A: As the number of intents for a chatbot increases, the chance of some intents (questions) looking similar to other intents also increases. This is a scalability issue. If the FAQ chatbot is not architected properly it will suffer hugely from scalability issues, and will be unable to handle lots of questions that sound (in the mind of the chatbot) very similar. 

Q: What do “good” FAQ chatbots do that allows them to solve the intent mismatch issue?

A: The good ones have multiple ways of understanding what the human is asking. They don’t just rely on simple NLP (Natural Language Processing) training, and are able to also factor in things like subject recognition, entity existence, and knowledge of your organization’s vocabulary. The reason this is a far superior means of intent matching is because this is how actual humans think. We don’t just use one indicator to understand what someone is saying, we deduce understanding from multiple elements and inferences of a sentence. And that’s how a really smart FAQ chatbot does it too, and how it’s able to handle thousands of questions and match them perfectly. 
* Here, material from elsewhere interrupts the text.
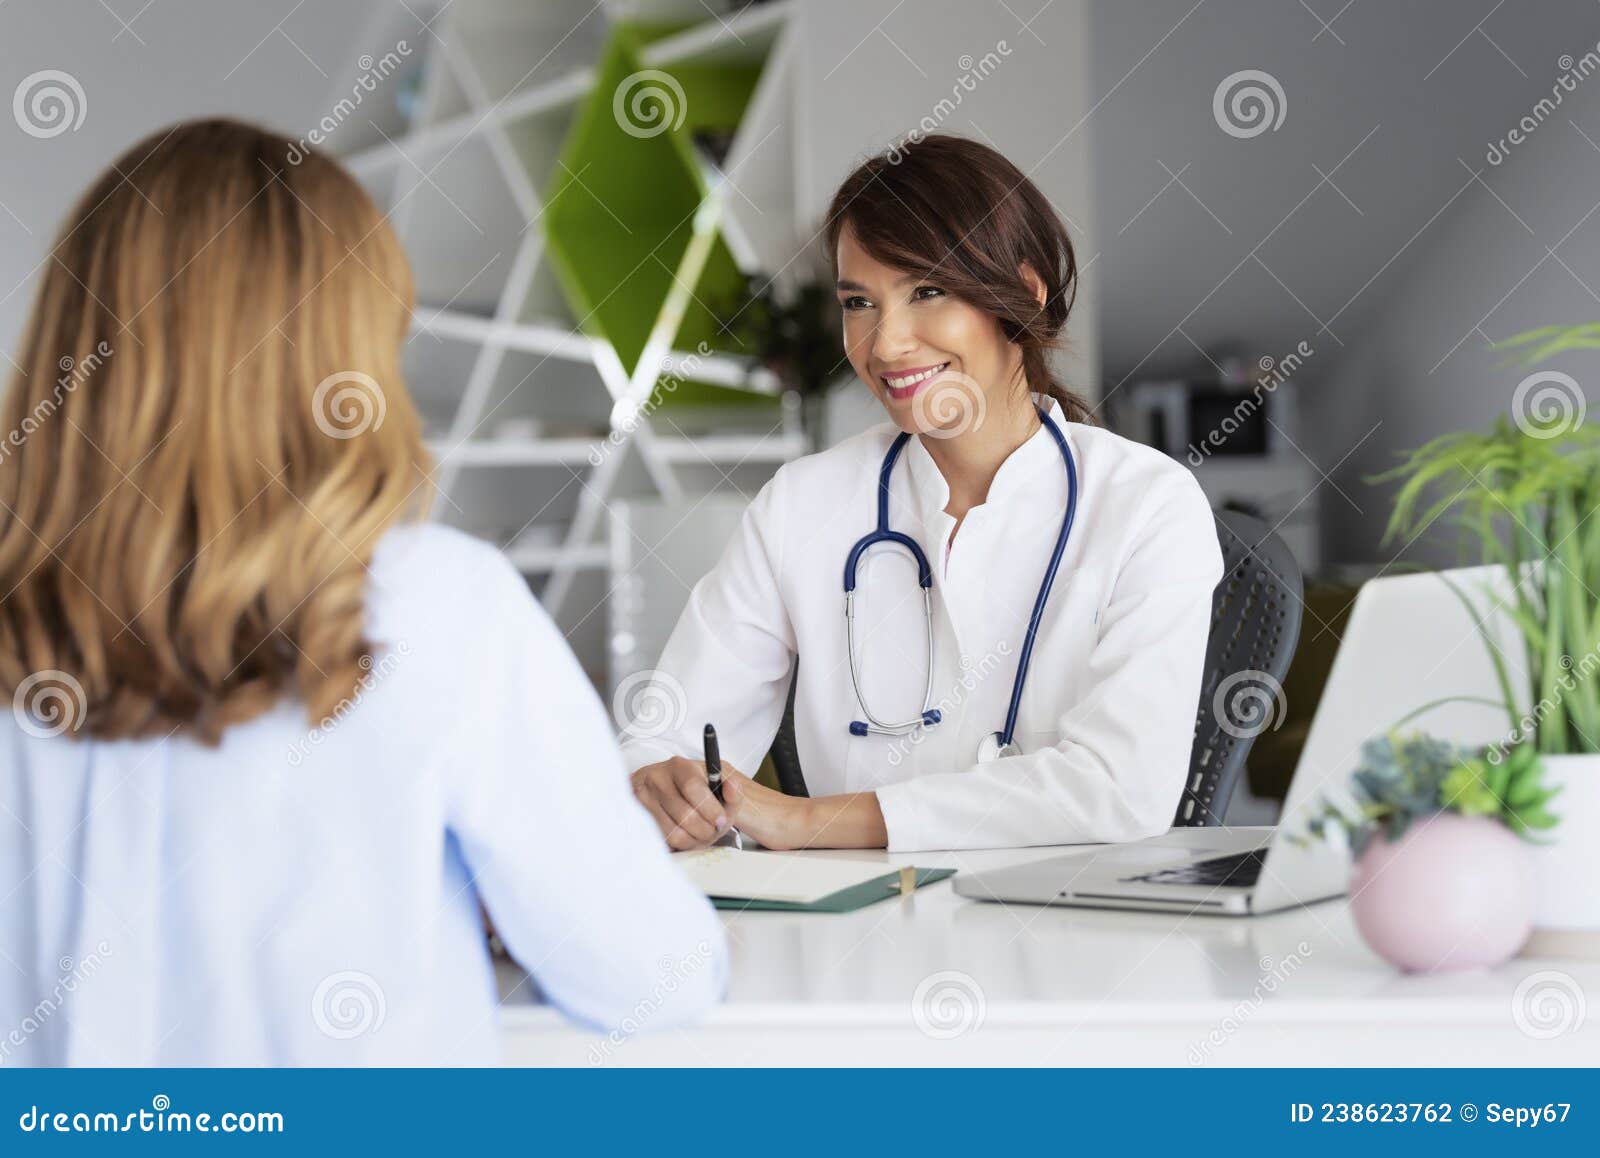 female doctor consulting her patient while sitting at desk in doctor`s office

Q: What happens when the question is ambiguous because the human wasn’t completely clear on what they wanted?

A: This all depends on the chatbot. Some chatbots just cross their fingers, make a guess, and hope for the best. Some recognize ambiguity based on confidence level analysis (which isn’t always accurate either). While the very best have smart algorithms for dealing with ambiguity and will ask clarifying questions to make sure they understand the “intent” of the question. 

Q: Does this mean that a good FAQ Chatbot is more complicated to manage than a bad one? Given how much more it is capable of doing?

A: No, quite the opposite. Because it’s massively more capable it makes it much easier to manage. Think of it this way, training something that already has lots of skills is much easier than training something that has very basic skills.  

Q: Can FAQ chatbots handle the fact that though the question may be the same, the answer can vary due to location/job/department differences of the person asking the question? For example, the question may be, “what is the sick leave policy”. And depending on who is asking, the answer is often very different.

A: Like the mismatch question, the answer varies based on good chatbots vs bad chatbots. The bad ones only support basic 1-to-1 mappings. One question always equals one answer. In the Enterprise world this doesn’t work at all. So, the good chatbots are capable of understanding demographic information about the person asking the question and can tailor the answer based on that. 

Q: My chatbot vendor said I need to load all my “answers” into their chatbot in the Cloud. Is this a good idea? 

A: No, this is a terrible idea. Loading all your content into someone else’s environment is not only technically unnecessary, it’s also forcing you into dual maintenance of two sources of truth. A good chatbot needs to be able to plug into your many sources of content to provide the answer

Q: But what if the answer is too long to show in a conversation? My chatbot vendor is telling me that I need to manually create abbreviated versions of all my unstructured content. 

A: Best practice UX (user experience) is that the chatbot does provide summarized responses (with options to see the full answer) to make the conversation easy to understand by the human. However, good chatbots can use AI to auto-summarize the text, and this would be the recommended approach. 

Q: Can FAQ chatbots only answer a question with static (ex: text, HTML, or web links) information, or can they also include data too? 

A: Basic FAQ chatbots are limited to only being able to respond with static data, but the good ones can also include data from other systems. And the great ones can also bring back that data from both on-premise and multiple Cloud systems. 

Q: It sounds like there’s a massive difference between FAQ chatbots and it’s important to look “under the hood” before I make a decision?

A: Yes, if you can take the time to test-drive a $20,000 car, then you should definitely test-drive any chatbot before making a decision.